If you own more than 50% of the stock of the non-US company, then you are treated as simply owning the account for FBAR purposes. So, it’s reported as an owned account.
If you don’t own more than 50%, and you have signature authority on the account, then the account would be reported only as a signature authority account.
Does filing the FBAR have any effect on how much US tax I pay?
No—the FBAR is simply a disclosure form. Filing an FBAR does not increase the amount of US tax you’re required to pay (or have any other effect on your US tax situation).
When is my FBAR due?
Your FBAR with respect to each calendar year must be filed on or before the due date of your tax return for such calendar year, extensions included. So, US residents must file the FBAR before April 15; expats have until June 15; and either can extend their return and FBAR deadline to October 15. Before 2016, the FBAR was due June 30 of the following calendar year with no extensions available.
Can I just file my FBAR with my US tax return?
No, unfortunately it doesn’t work that way. The FBAR is filed electronically using a completely separate e-filing system than that used for US tax returns. However, note that some tax software packages allow you to file the FBAR along with your return, so functionally you may be able to get it all done in one place.
What are the potential penalties for failing to file the FBAR?
The penalty for willfully failing to file an FBAR can be as high as the greater of $100,000 or 50 percent of the total balance of the foreign account per violation. Non-willful violations that the IRS determines were not due to reasonable cause can be subject to a $10,000 penalty per violation. Additionally, failing to file an FBAR subjects a person to a potential prison term of up to ten years and criminal monetary penalties of up to $500,000.
If you have failed to timely file an FBAR, please see the amnesty program question below. You very likely can get all caught up on your FBARs without having to worry about any of these penalties.
What information do I need to file the FBAR?
You only need the following information for each account:
- the account number,
- the name and address of the non-U.S. financial institution where the account is maintained, and
- the maximum value of the account during the relevant year.
You’ll also need basic identifying information about the joint owner (for accounts held jointly) and the owner of the account (for accounts over which you have signature authority).
Can the information in my FBAR be disclosed to anyone?
The Treasury Department may disclose the information contained in a filed FBAR with other government officials only under certain prescribed circumstances (detailed below) but may not disclose such information to private citizens or to the public in general.
The FBAR itself states as follows:
“The information collected may be provided to those officers and employees of any constituent unit of the Department of the Treasury who have a need for the records in the performance of their duties. The records may be referred to any other department or agency of the United States upon the request of the head of such department or agency for use in a criminal, tax, or regulatory investigation or proceeding. The information collected may also be provided to appropriate state, local, and foreign law enforcement and regulatory personnel in the performance of their official duties.”

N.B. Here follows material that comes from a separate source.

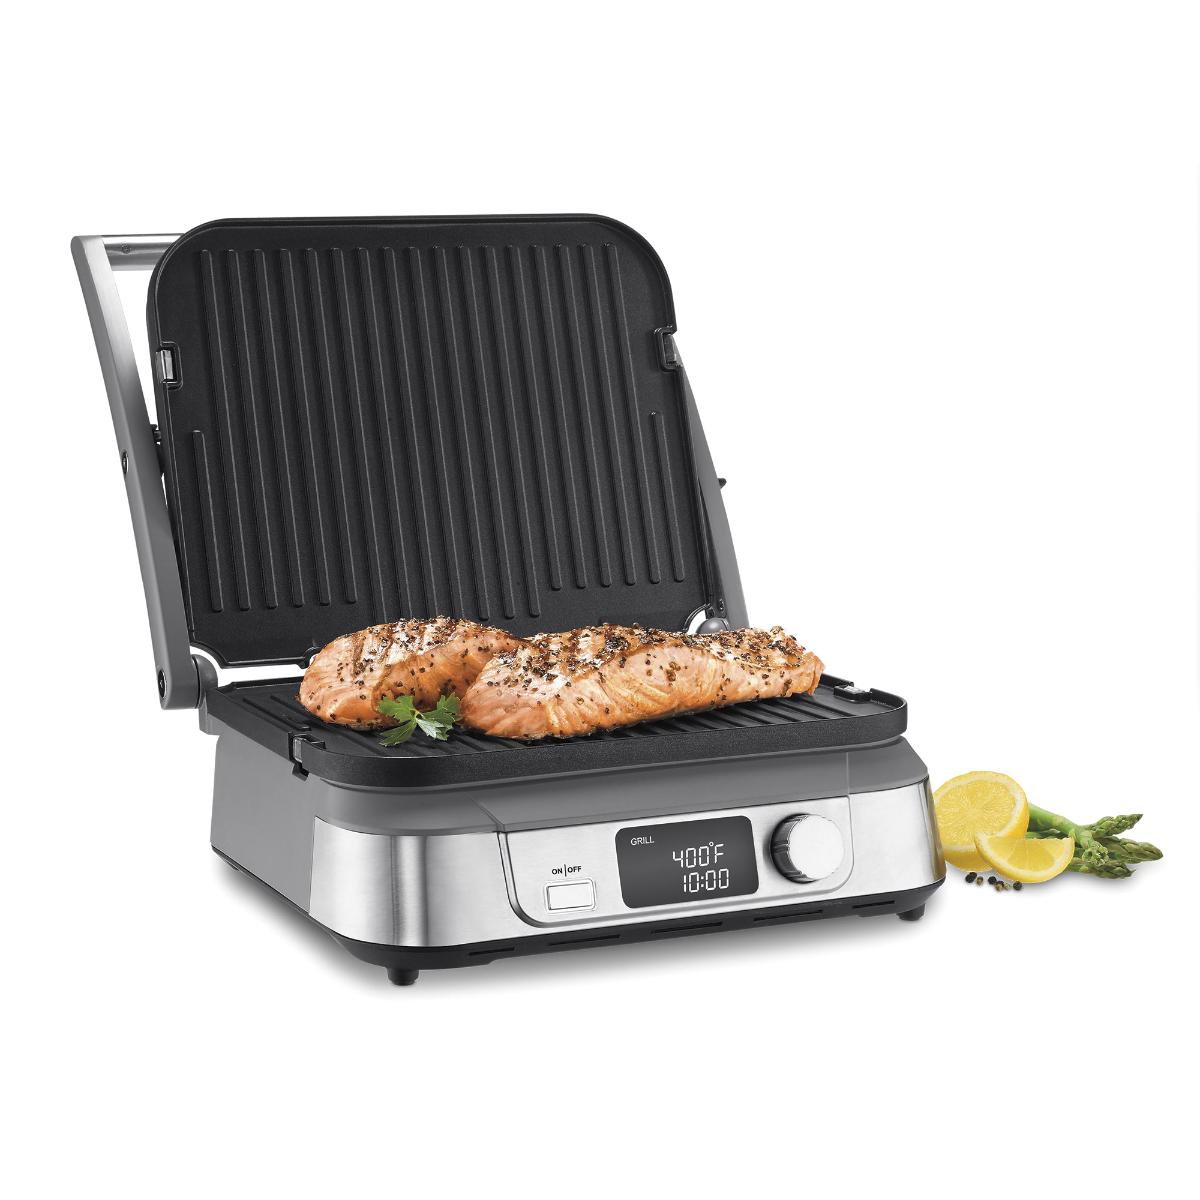 Parrilla eléctrica de aluminio Cuisinart®

I was required to file an FBAR for a past year but did not do so—what should I do?
The IRS has several amnesty programs you can use to get caught up on past filings and avoid the hefty penalties described above. The first step is to determine which amnesty program would work best for your specific situation. Get in touch and we can discuss.
If I’m required to file the FBAR, what other disclosure requirements may also apply to me?
US persons who are required to file the FBAR are very often required to file other non-US asset disclosure forms as well. These other forms include IRS Form 3520 to report ownership of a non-US trust, IRS Form 5471/8865/8858 to report ownership of a non-US corporation/partnership/disregarded entity, and IRS Form 8938 to report ownership of substantial non-US assets.